A transferência para a Go7 Assessoria, Produção e Marketing Cultural aparece em relatórios de inteligência financeira obtidos pelos investigadores e foi citada pelo ministro Flávio Dino, do Supremo Tribunal Federal (STF), na decisão que autorizou a Operação Make Up, deflagrada nesta quinta-feira (10).
Uma das linhas de investigação busca esclarecer se dinheiro recebido pelo ICB, inclusive por meio de emendas parlamentares, acabou sendo usado para financiar “Dark Horse”.
A própria PF ressalta, porém, que os elementos reunidos até agora não comprovam uma ligação direta entre os recursos públicos recebidos pela entidade e os valores destinados às empresas relacionadas à produção cinematográfica.
Leia também: Dark Horse: Polícia Federal apreende armas com deputado Mario Frias e vai apurar posse ilegal
O pagamento de R$ 1 milhão do ICB à Go7 foi realizado em uma única transferência, em data situada entre 1º de dezembro de 2025 e 2 de fevereiro de 2026.
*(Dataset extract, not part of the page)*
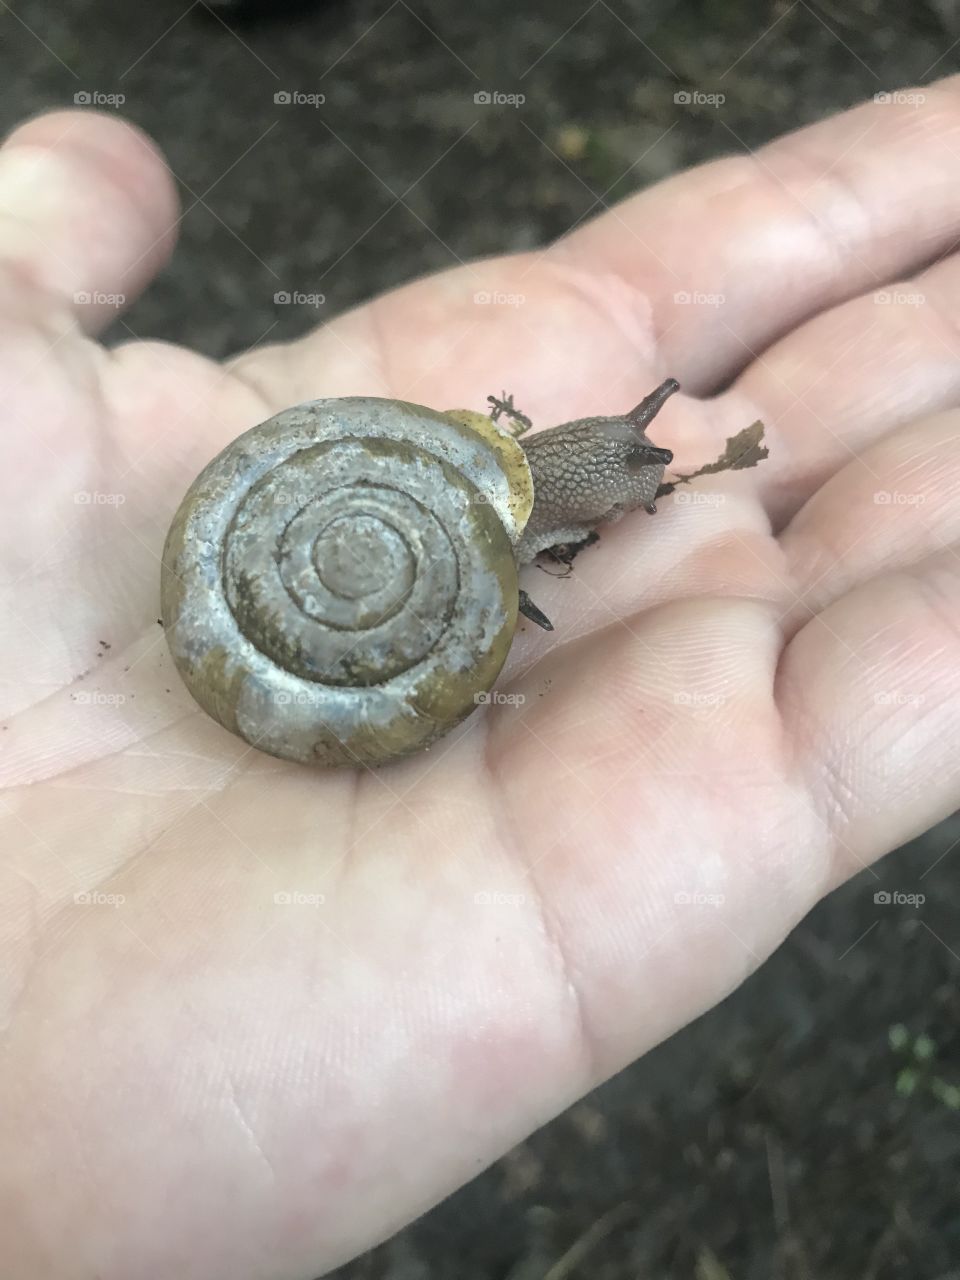 While hiking through a trail in the forest, I stumbled upon this handsome little snail crossing my path.

Criada por Karina Gama em 2005, a Go7 não aparece formalmente nos registros da Agência Nacional do Cinema (Ancine) como produtora de “Dark Horse”.
A empresa, no entanto, é citada no material de apresentação do filme como uma das responsáveis pela criação da GoUp Entertainment, produtora do longa.
“A união da expertise da empresa brasileira GO7, assessoria, produção e marketing cultural com a empresa americana Uptone Picture, ambas com 20 anos de experiência multimercado, que formaram uma joint venture sediada na cidade de Miami”, afirma o documento citado na investigação.
Karina Gama também está ligada ao ICB e à GoUp e foi alvo das buscas realizadas nesta quinta. A operação cumpriu 49 mandados em diferentes Estados e também teve o deputado federal Mário Frias (PL-SP) entre os alvos.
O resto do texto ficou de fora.